Kiki’s Big Dream Experiment - Week 6 - Addiction

Week 6 of Kiki’s Big Dream Experiment

Hey Dreamer,

I’ve made it halfway through Kiki’s Big Dream Experiment! What a great milestone to hit. The halfway point always feels strange because there is a certain expectation of feeling like I have to be at the peak of my progress. It can feel disheartening if I don’t feel like I’m at that peak - but the funny thing is, I don’t necessarily know what that peak would feel like. So - how do I know whether I’ve hit it or not?

I must remember that the journey is not linear. It’s complex and full of unknowns. This week’s theme was Addiction. It has been really helpful over the past 6 weeks to focus on singular themes because I have started to recognise how they show up in my life. How better to explore my relationship to Addiction than to write about it and create using it as inspiration.

This week helped me uncover many addictions that others, I think, would not say are addictions. They feel like addictions to me - so dealing with them using techniques that help people with addiction seems like a very obvious and reasonable thing to do. I was right. I noticed how some of these addictions affected me and others, so I started conversations that addressed why I was feeling addicted to certain behaviours.

Guess what? It really helped. Yes, it was difficult to be vulnerable and admit that I deal with addiction. This all might sound pretty heavy to admit - and it is in one way - but it also seems silly to explain it when I get into the details. That’s what has been so difficult about this week.

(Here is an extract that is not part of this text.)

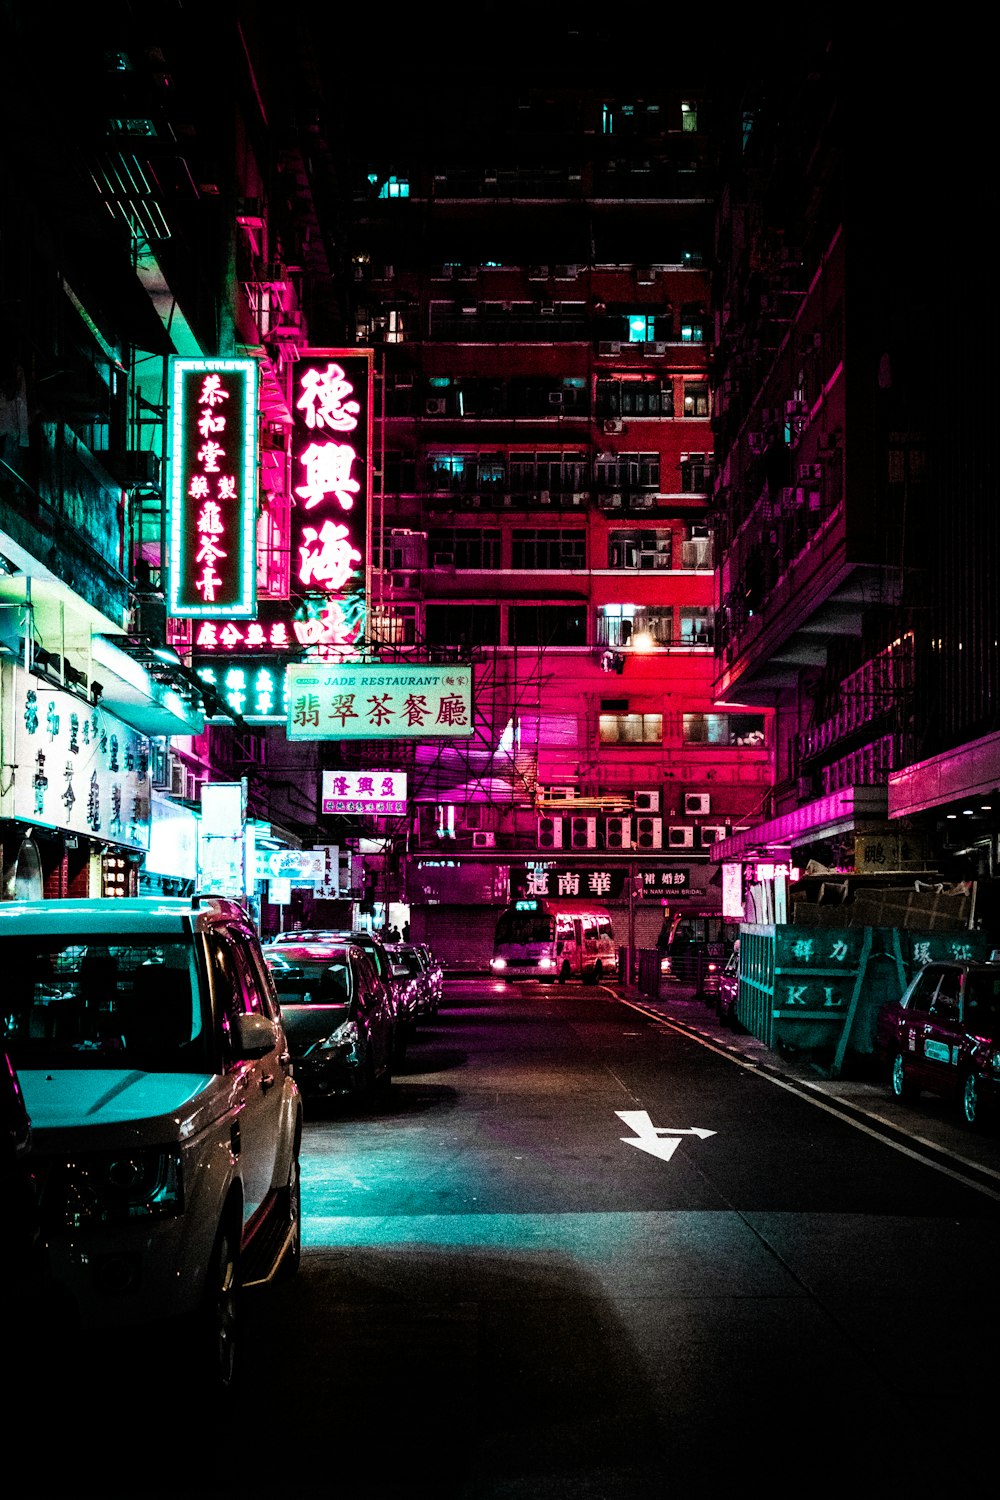 Fahrzeuge parken nachts auf der Fahrbahn zwischen beleuchteten Gebäuden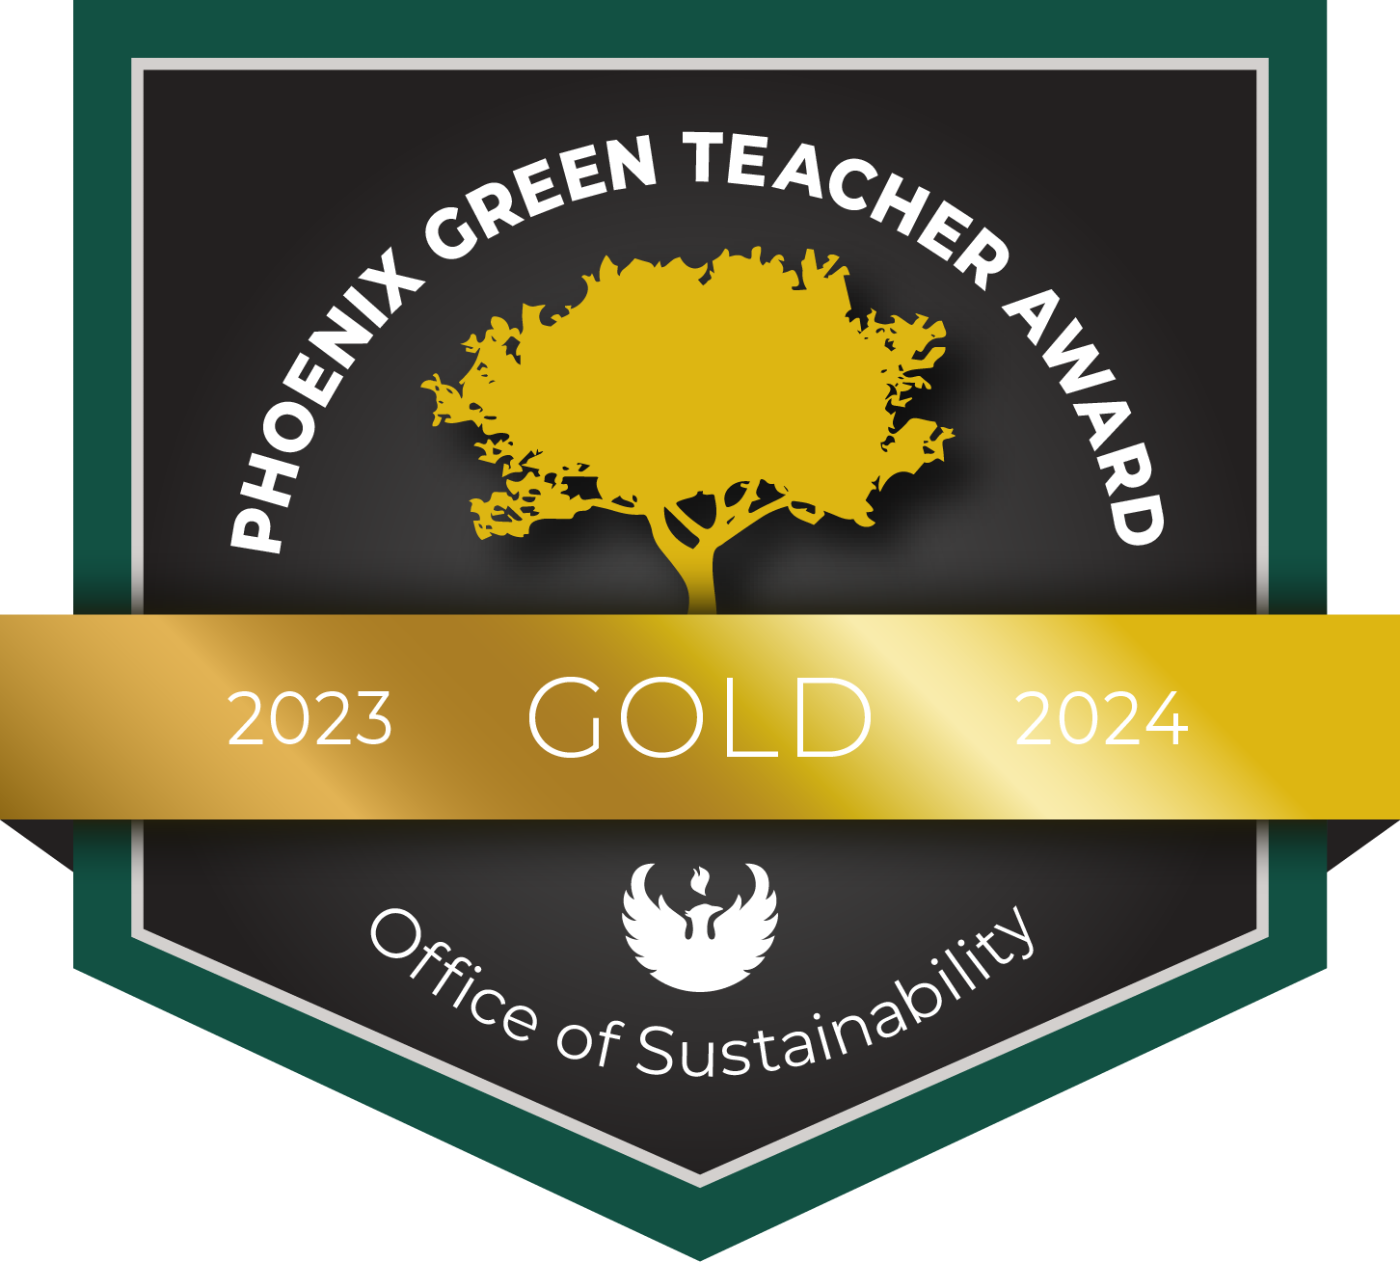 Gold Teacher Award

Trying to balance talking about addiction as it shows up for me in a way that others can understand, while also recognising that it is different to how addiction presents in other people.

Before I get into it - I want to share this week’s content pieces with you.

Tue · 11th Nov:

  • Podcast Episode on Spotify - Episode 6 - Addiction - This week’s topic of Addiction allowed me to tease out the complexities of addiction when applying it to seemingly painless activities

  • Newsletter on LinkedIn - We Are Addicted to Work · November 11th, 2025 - It has become normalised to kill ourselves at work because we are being rewarded for doing so. It is an addiction forced upon us by a system that thrives on us giving 110% every day

  • Live on TikTok - KBDE #6 - Addiction - A personal and interactive discussion of the topic of Addiction

  • Video on YouTube - Kiki's Big Dream Experiment - TikTok Live - Episode 6 - Addiction - A recording of my TikTok Live on the theme of Addiction

Wed · 12th Nov:

  • Board on Pinterest - KBDE - Week 6 - Addiction - A collection of pins linked to my content for Week 6

  • Stream on Twitch - KBDE 💥 Borderlands 4 - Part 6 - Week 6’s Borderlands 4 stream

  • Video on YouTube - KBDE 💥 Borderlands 4 - Part 6 - A recording of my Twitch livestream of Borderlands 4

Thu · 13th Nov:

  • Post on Substack - Being Addicted To Suffering - There is safety in routine and sameness, but it can also be addictive to keep the status quo and not disrupt things even though it can be so much better to disrupt things

Fri · 14th Nov:

  • Post on Instagram - A Week for Haiku - Over a week, I feel routine spiralling thoughts coming up that hold me back. Recognising them and reframing them positively really helps - so that’s what I wanted to do with this week’s poem

Sun · 16th Nov:

  • Blog on my Website - Kiki’s Big Dream Experiment - Week 6 - Addiction - My wrap-up post for the week

I have talked about my 9th piece of content a lot over the past few weeks. During the week, I started reading The Artist’s Way, and I decided that I wanted to try the coursework it provides. This will help me create my 9th piece of content - which I plan to retrospectively fill in for the past 6 weeks. I have started this process, and I’m still teasing out how to integrate it to Kiki’s Big Dream Experiment. It feels like a really compelling exercise to do and to report on. I want to share what I can from the experience.

Reflection on Week 6

Addiction is Complex

The concept of addiction is understood in different ways. Most understanding tends to pathologise addicts as being inherently at fault. That’s what society’s view of addicts is. It’s much deeper than that because addiction forms because there is a rewarding outcome of the undesired behaviour, and that has turned into a bad habit, which in turn has become a bad survival mechanism.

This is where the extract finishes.